Real-time spot market electricity rates approach zero over time as the total installed wind and solar generation capacity increases within a grid region. Meeting EU government commitments for a carbon-free grid requires significant wind and solar overcapacity on the overall grid. As excess generation capacity is deployed to the grid to meet these commitments, periods of power overproduction will increase, which is likely to depress spot market prices. There is a strong probability that Alcoa’s contracts will generate losses in their later years as the electricity grid moves toward being carbon free by 2035.

The wind PPAs will provide Alcoa with two near-term revenue generators. First, Alcoa could sell its estimated 3.6 GWh of excess GOs. Bundled or unbundled GOs from its excess electricity generation should be in high demand from data center operators and other enterprises with 2030 net-zero carbon commitments. Second, it could sell the electricity itself. Selling at 2022 year-end rates for Nordic hydropower GOs (€10/MWh) would realize a profit of €36 million.

Low or zero carbon aluminum will also be in high demand and command premium prices as companies seek to decarbonize their facilities or products. While the premium is uncertain, it will add to the benefits of wind power purchases and improve the economics of Alcoa operations. The Alcoa PPA contracts have many upsides, but the Alcoa CFO faces a range of possible financial outcomes inherent in this CFE strategy.
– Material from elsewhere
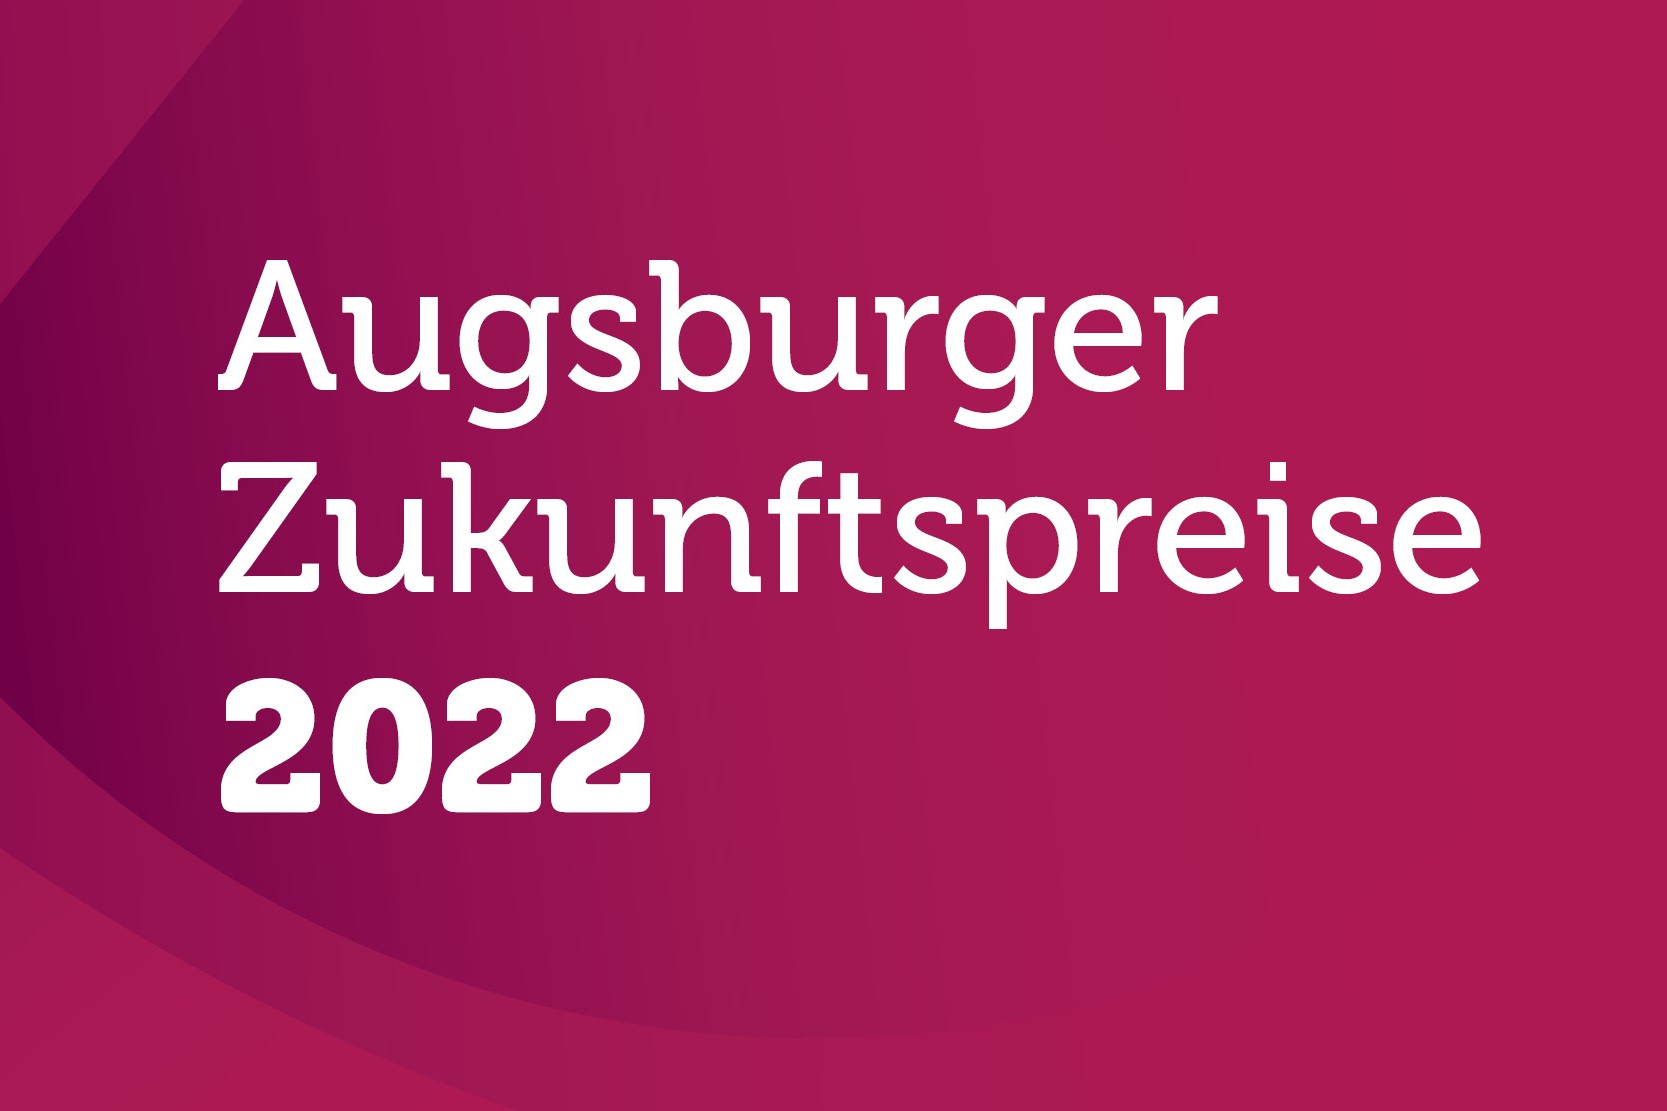 Augsburger Zukunftspreise 2022

Deploying wind and solar generation overcapacity creates broader operational and financial challenges for grid regions. As overcapacity increases, the use of reliable fossil fuel and nuclear generation assets to maintain grid stability will decrease. As a result, these assets may not generate sufficient revenue to cover their operating and financing costs, which will force them to close. Some nuclear generation facilities in the US have already been retired early because of this.

Grid authorities, utility regulators and legislative bodies need to address these challenges. They need to plan grid capacity: this includes evaluating the shape curves of wind and solar MWh output to determine the quantities of reliable generation required to maintain grid reliability. They should target incentives at developing and deploying clean energy technologies that can boost capacity to meet demand — such as long duration energy storage, small modular nuclear reactors and hydrogen generation. Without sufficient quantities of reliable generation assets, grid stability will slowly erode, which will put data center operations at risk and potentially increase the runtime of backup generation systems beyond their permitted limits.